◆ **Supplied information**:
————————

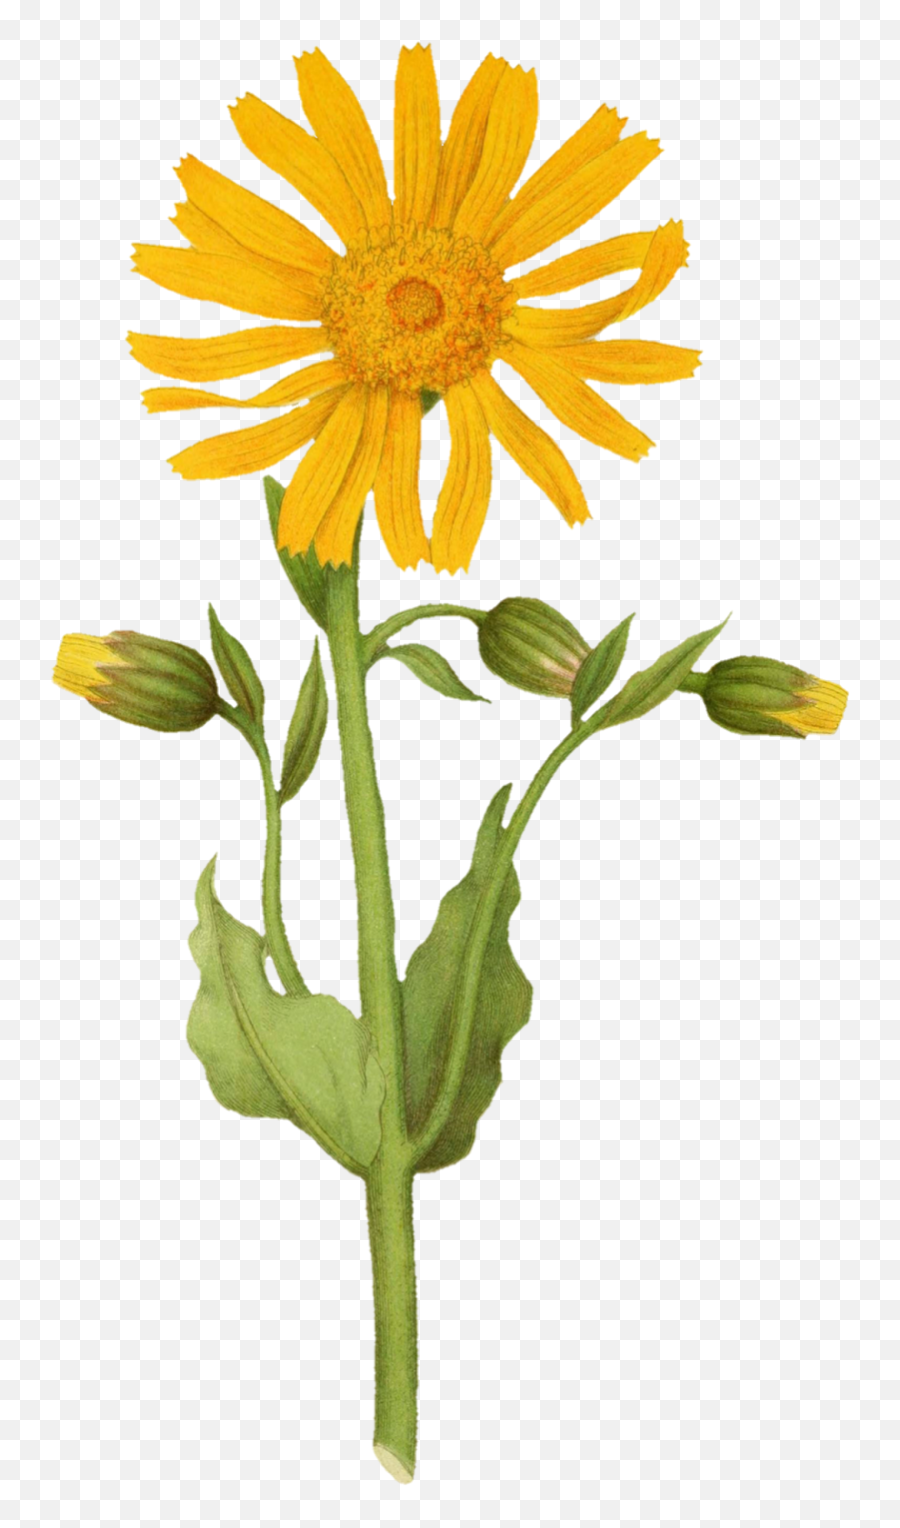 Sunflower Painted Art Clipart Free Stock Photo - Public Arnica Montana Emoji,Sunflowers Clipart
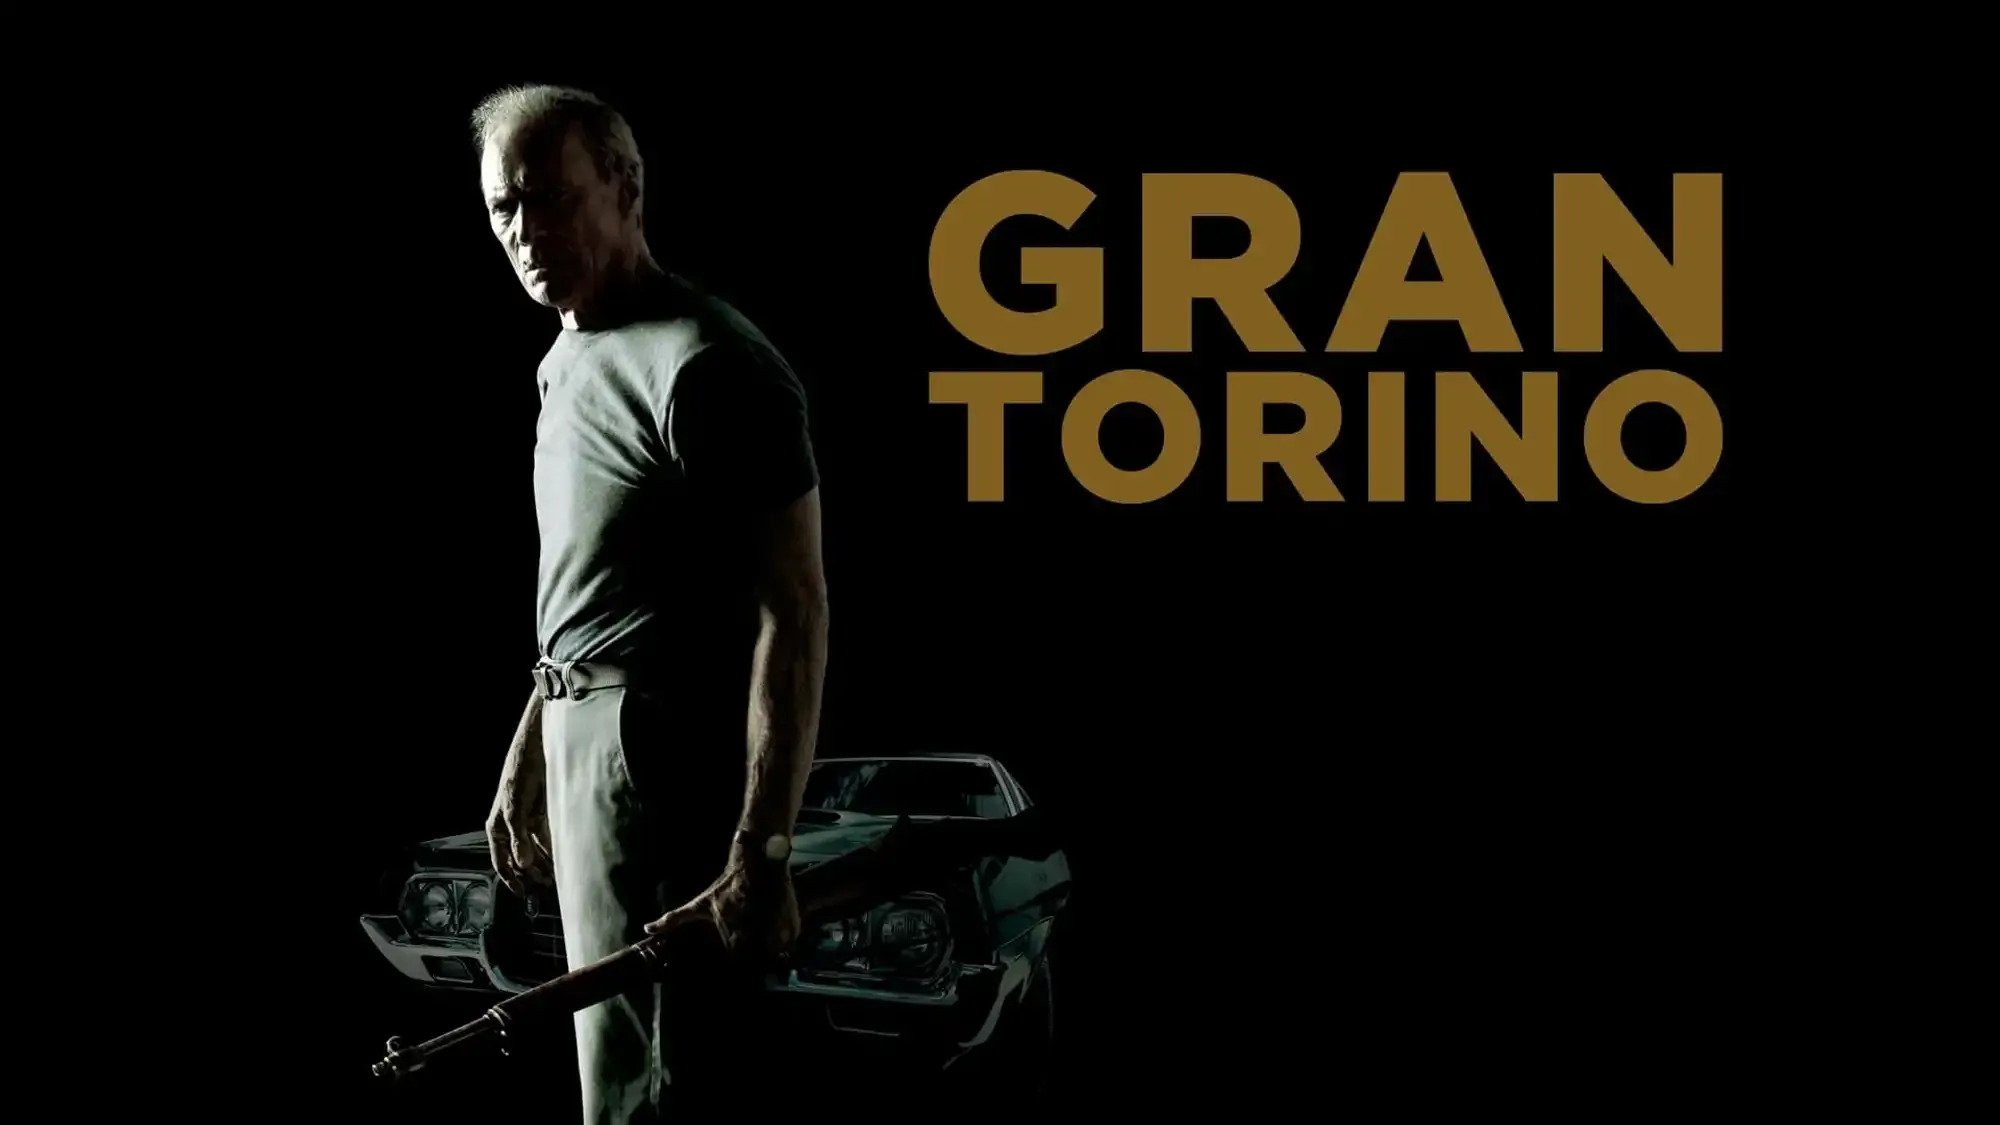 Gran Torino movie review
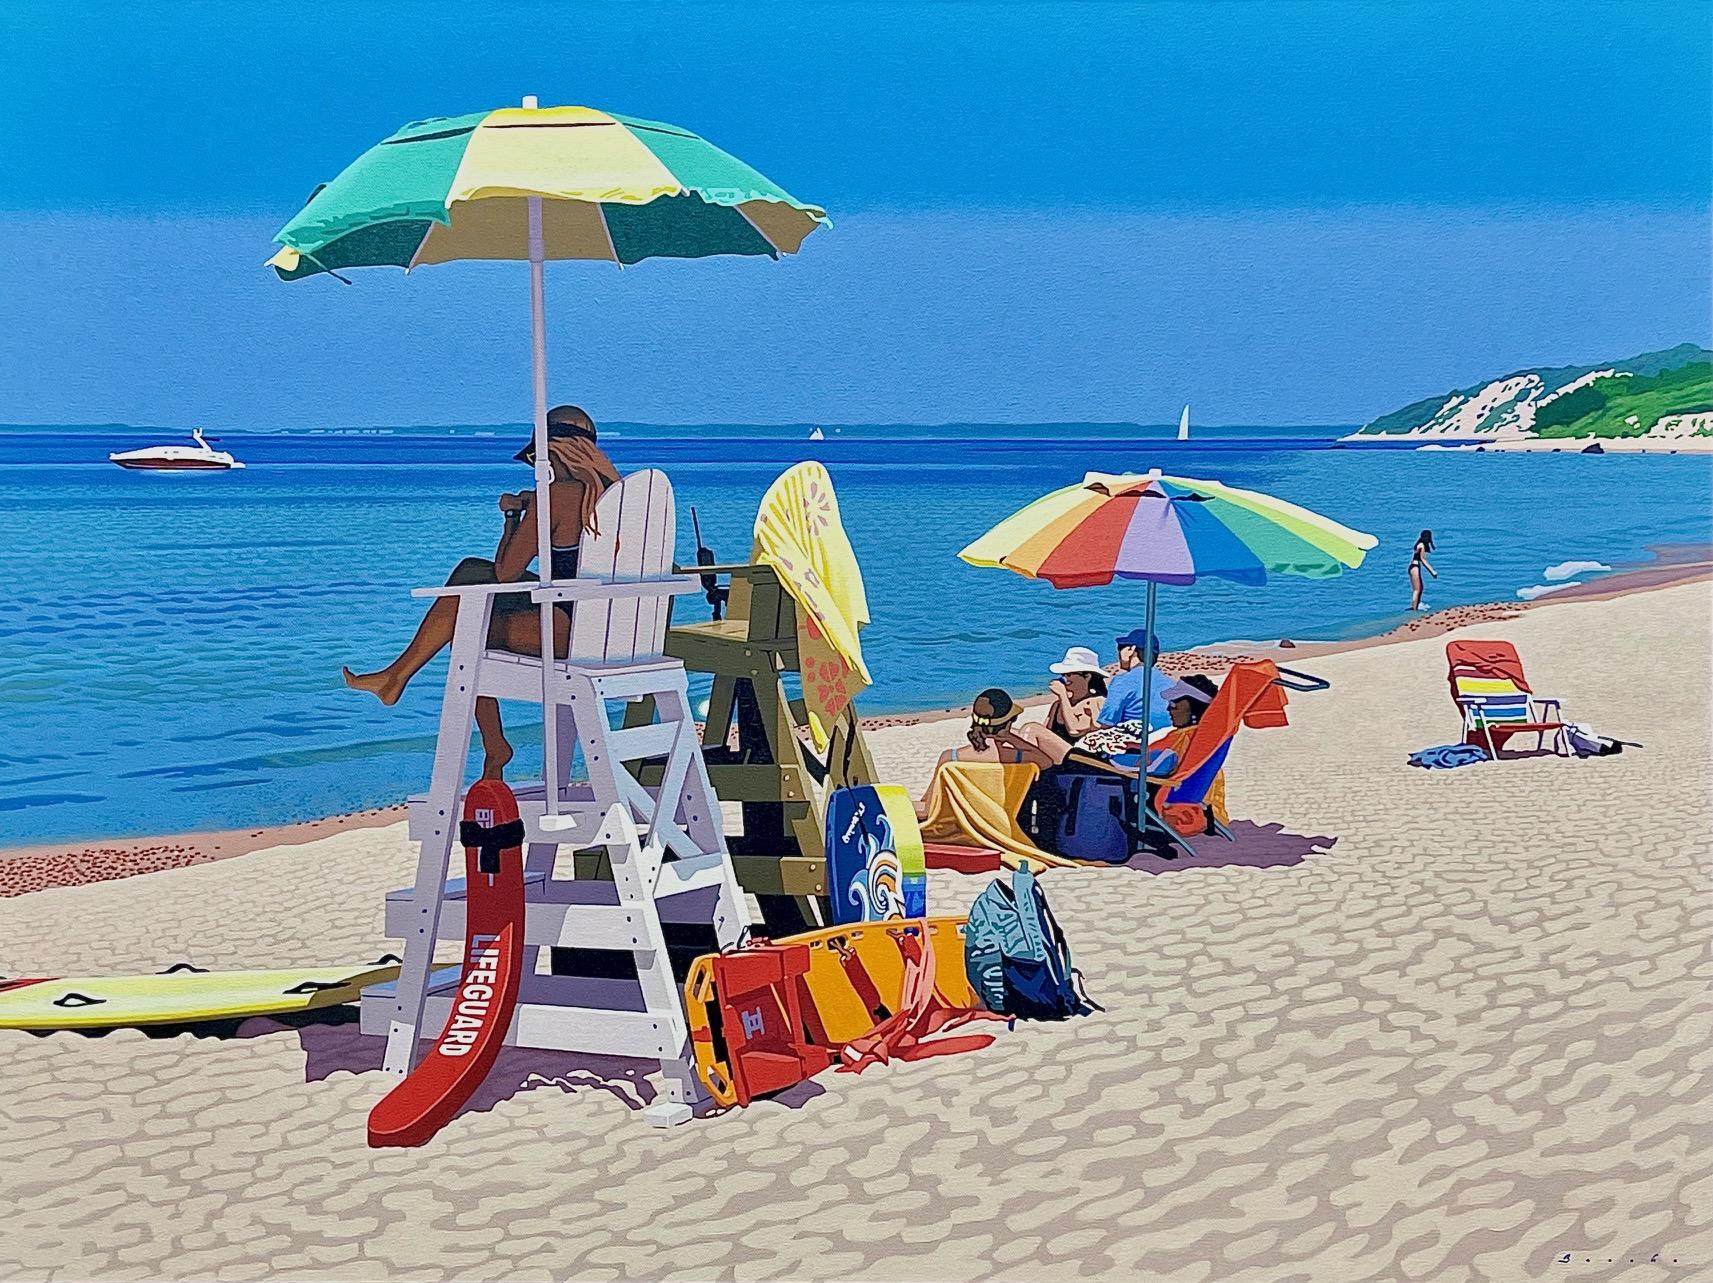 Rob Brooks Landscape Painting - "Summer Job" photorealist oil painting of a lifeguard on the beach, umbrellas

————————

◆ **Problem**:
Output every line above exactly as it stands, and drop any picture.

◆ **Answer box**:
 Sunflower Painted Art Clipart Free Stock Photo - Public Arnica Montana Emoji,Sunflowers Clipart
 Gran Torino movie review
 Rob Brooks Landscape Painting - "Summer Job" photorealist oil painting of a lifeguard on the beach, umbrellas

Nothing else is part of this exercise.